Patients (including veterans and federal beneficiaries) and the U.S. drug supply chain will see increased domestic and allied-country API production and stronger supply-chain resilience through procurement and investment incentives.
Federal patients (VA, DOD, Medicare/Medicaid beneficiaries) and other consumers will get clearer information about where active pharmaceutical ingredients come from and may be less exposed to substandard ingredients because labels must list API country-of-origin and purchases can be limited to countries meeting FDA standards.

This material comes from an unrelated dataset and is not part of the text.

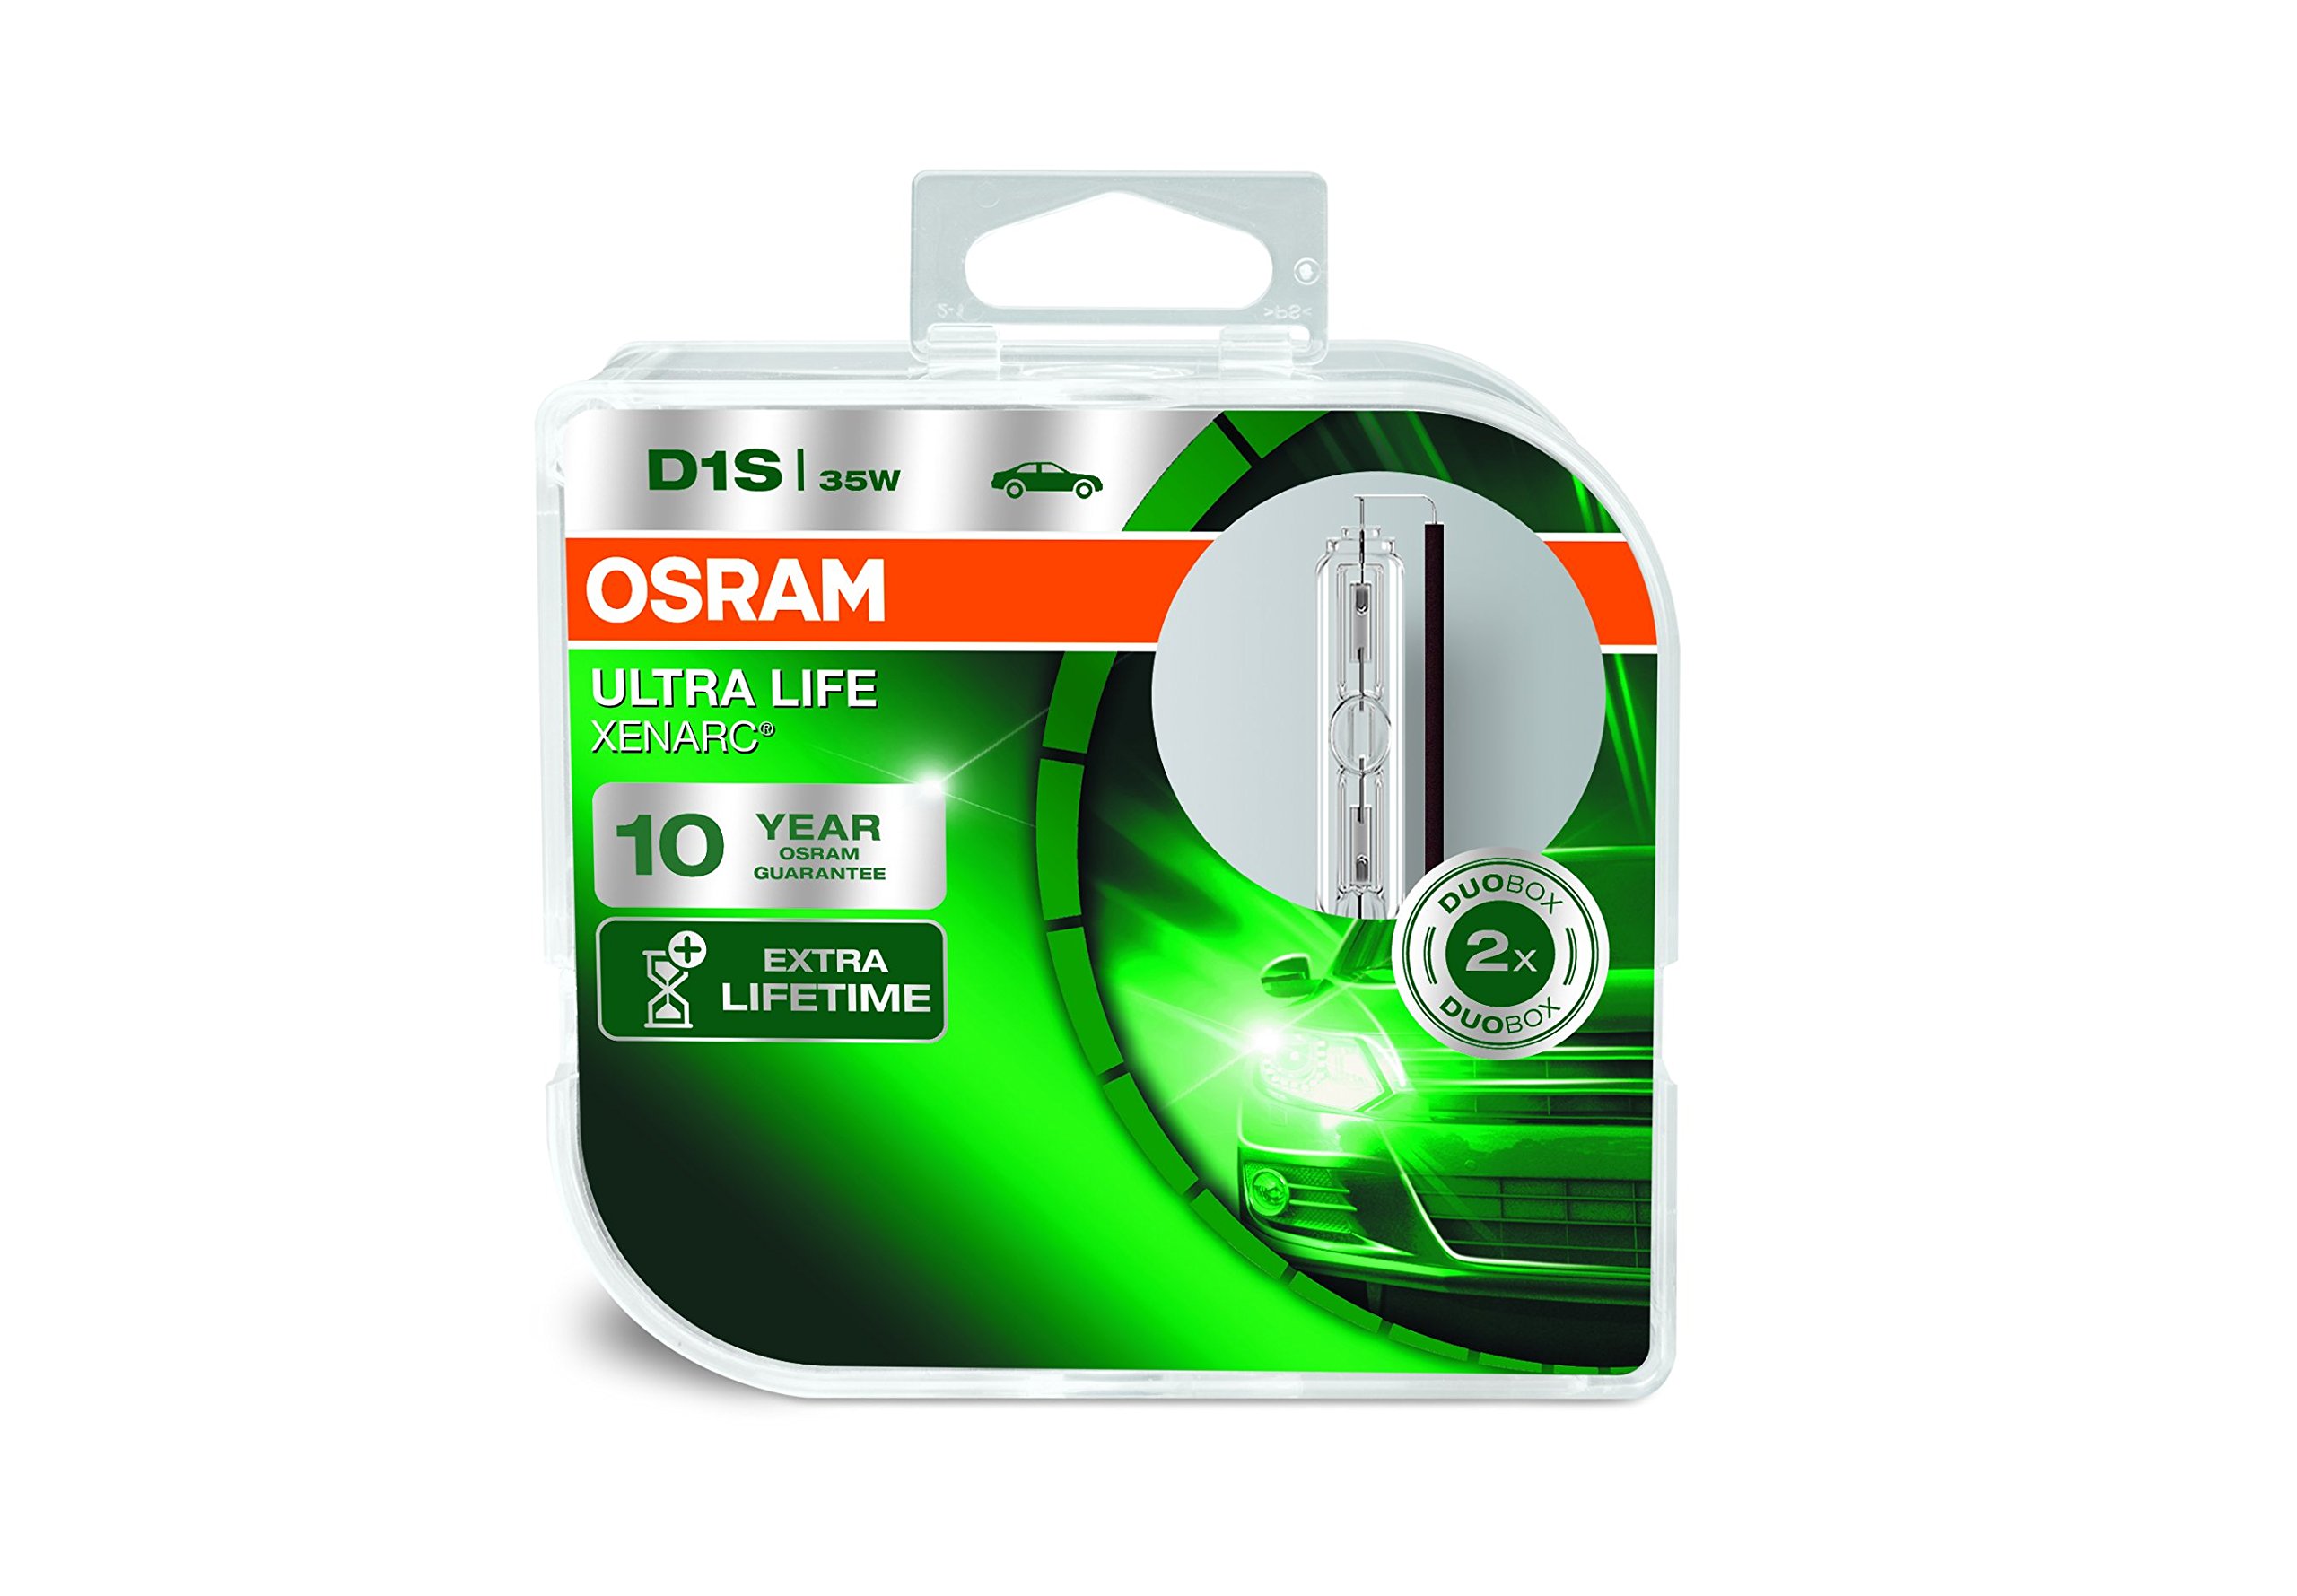 Osram Xenarc ULTRA LIFE D1S HID Xenon-Brenner, Entladungslampe, 66140ULT-HCB, Duobox (2 Stück)

Manufacturers and small-business owners will face lower after-tax costs for eligible projects in 2025–2030, encouraging immediate investment and likely speeding job creation in U.S. drug and device manufacturing and construction.
Federal programs and patients (Medicare/Medicaid beneficiaries, veterans) could face higher drug costs if U.S./allied API supply is limited or manufacturers pass through added compliance and labeling costs.
Patients (including those with chronic conditions and veterans) risk delays or shortages of necessary medicines if alternative API producers cannot meet demand by the law's deadlines.
Taxpayers could face reduced federal revenue from the expanded 100% bonus depreciation, increasing deficits or crowding out other spending priorities.
Based on analysis of 3 sections of legislative text.
Directs federal health programs to buy drugs with APIs increasingly made outside China (60% by 2028, 100% by 2030), adds API country-of-origin labels, and grants temporary bonus depreciation for U.S. drug/device plants.
Introduced April 10, 2025 by Thomas Bryant Cotton · Last progress April 10, 2025
Requires federal health programs (including HHS, VA, DoD, and other federally defined health programs) to buy drugs whose active pharmaceutical ingredients (APIs) are increasingly manufactured outside the People’s Republic of China: at least 60% non-China by Jan 1, 2028, and 100% non-China by Jan 1, 2030, with a limited waiver process that ends for purchases on or after Jan 1, 2031. Adds a requirement that drug labeling disclose the country of origin for each active ingredient. Provides a temporary tax incentive to spur U.S. manufacturing: qualified pharmaceutical and medical device manufacturing property placed in service in the United States after Dec 31, 2024 and before Jan 1, 2031 is eligible for 100% bonus depreciation, with the new rule expiring for property placed in service after Dec 31, 2030.